In some embodiments of the present application, the word vector sequence is input into an offline model, and then the text similarity of the word vector sequence and a preset target category vocabulary trained by the offline model in a text space is calculated; and performing weight calculation on the word vector and the preset target category vocabulary based on the text similarity of the same terms and word frequency and the text similarity in a text space to obtain the final similarity of the word vector and the preset target category vocabulary. It can be understood that, when cosine similarity is used as a measure, the value range is [0,1], the larger the numerical value is, the higher the similarity is included, a threshold value may be set by a user, for example, when the numerical value exceeds 0.8, the registration of words may appear in the search result, and further, a weight calculation is performed based on the text to be segmented and the preset target category vocabulary of the offline model based on the text similarity of the same term, the word frequency, and the text similarity of the text space to obtain the final text similarity.

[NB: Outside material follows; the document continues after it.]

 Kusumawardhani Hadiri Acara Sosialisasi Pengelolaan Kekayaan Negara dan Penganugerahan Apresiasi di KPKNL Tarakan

In some embodiments of the application, pre-training sentences are obtained and word segmentation is performed to obtain corresponding word segmentation sets, and the word segmentation sets are processed by using unique hot coding to obtain word vector sets; obtaining central words of a word sequence corresponding to a pre-training sentence, and determining central word vectors corresponding to the central words; and inputting the word vector set into an off-line model which is trained in advance, and keeping a central word vector sequence corresponding to the central word as a preset target category word list. It is understood that the pre-training sentence may be obtained based on the first text set, or may be obtained according to all text information input by the server in the background, which is not limited herein. In some embodiments of the present application, the offline model for word vector input may adopt a continuous word bag CBOW or skip-gram structure in the word2vec algorithm for the word embedding model to implement word segmentation, and specifically, a central word may be predicted according to surrounding words, which is not limited herein.

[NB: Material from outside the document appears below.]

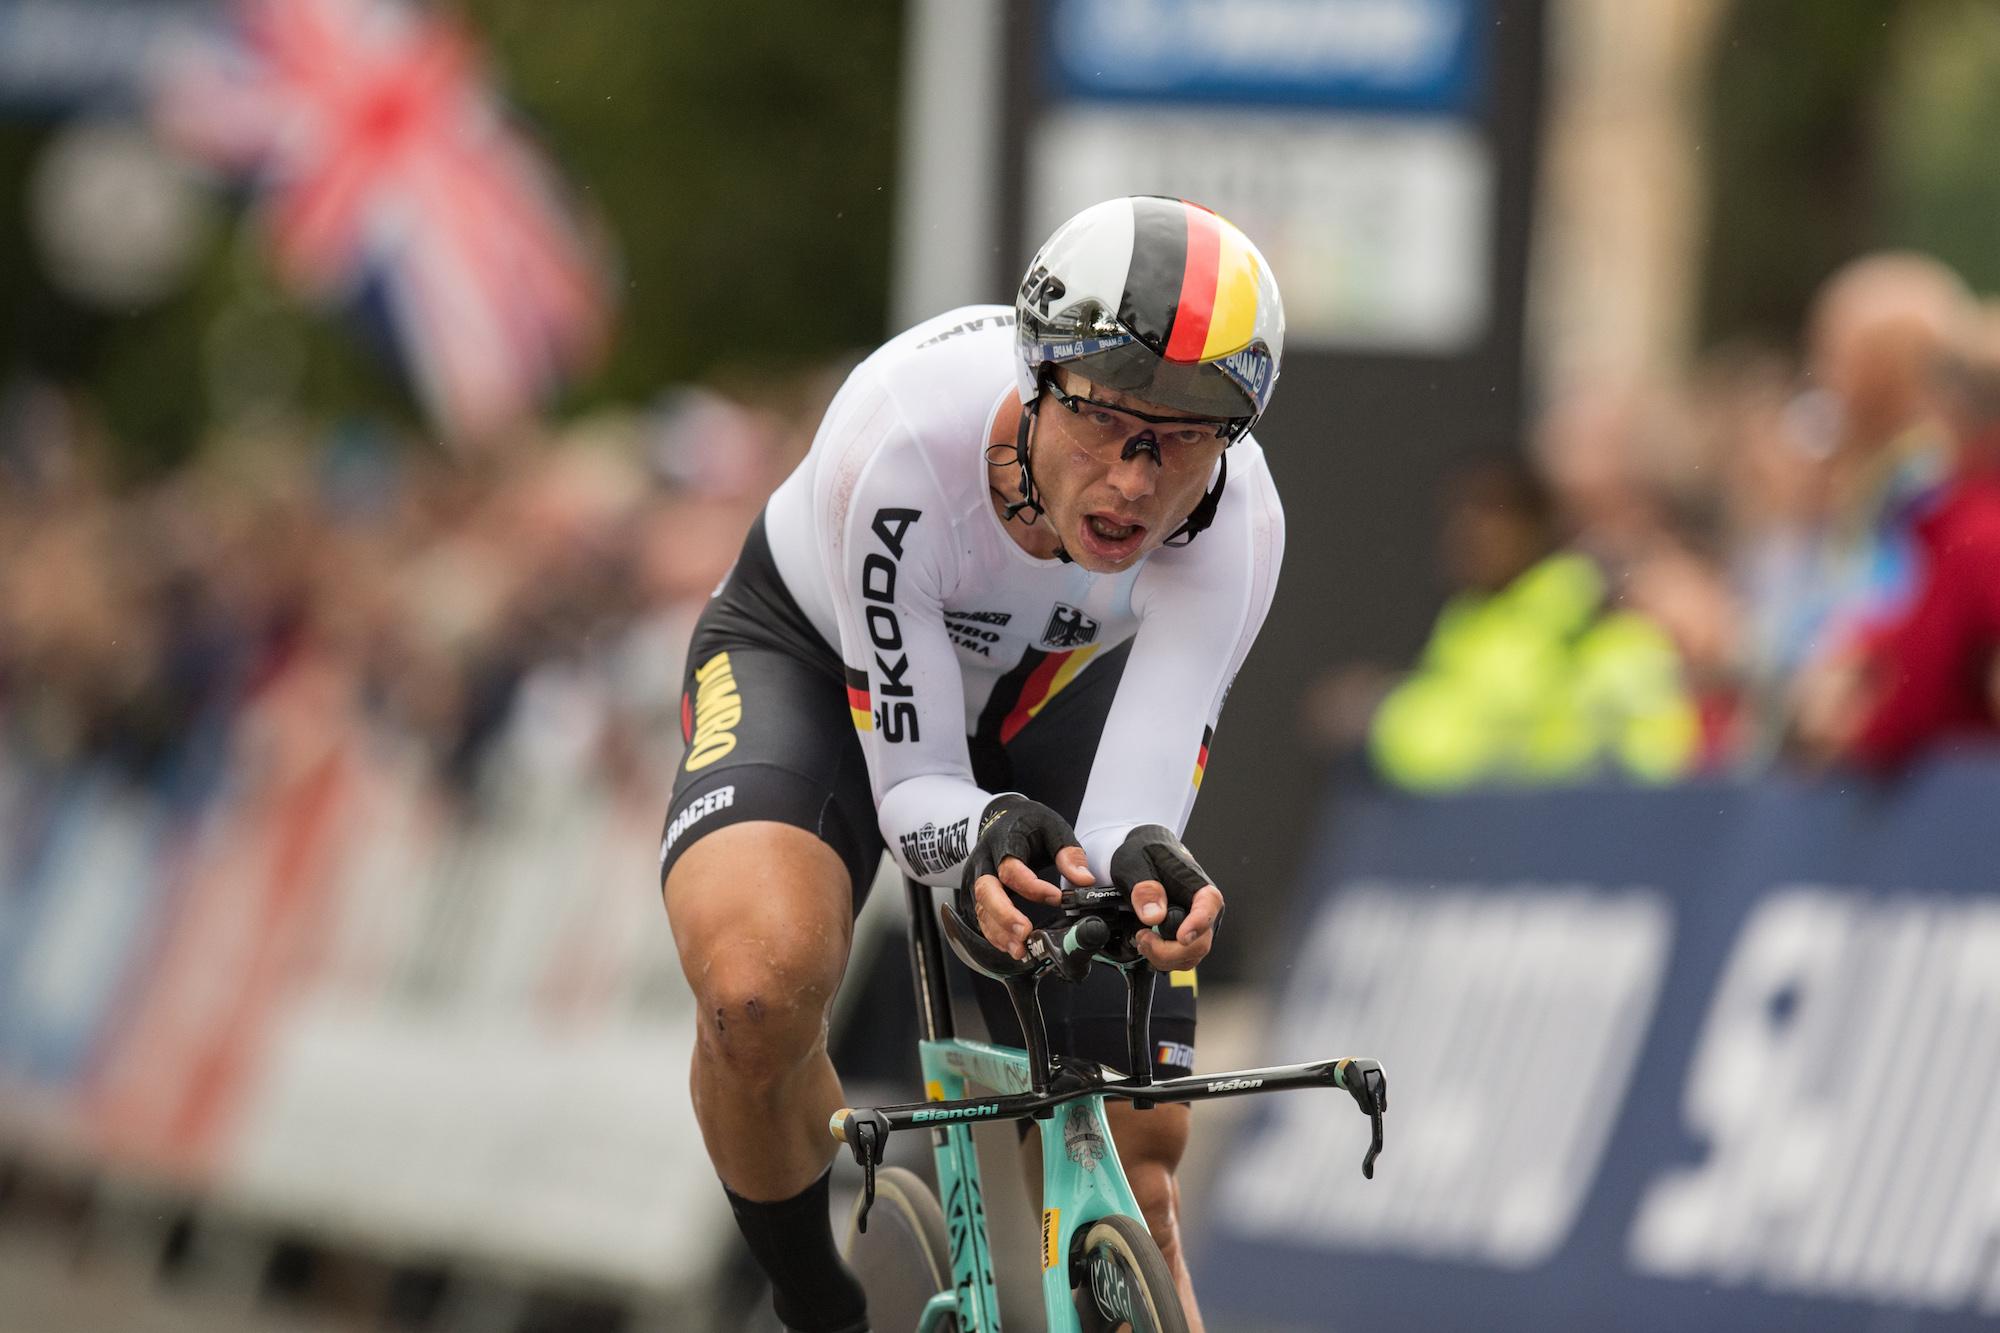 Tony Martin won't target time trial gold at Tokyo 2020

In some embodiments of the application, when the Skip-gram model is adopted to calculate keyword similar words by using the Skip-gram model, a context word of a central word can be captured by using a sliding window with a preset size by determining one keyword in a keyword set as the central word, and a context word with the central word as a center and the length in the size range of the sliding window is generated. Assuming that there are 5 words, [ "She", "likes", "animals" ], the sliding window size is skip-window ═ 1, the central word is "likes", and the context words are obtained with a distance of not more than 1 from it, then the context words are: "She", "animals".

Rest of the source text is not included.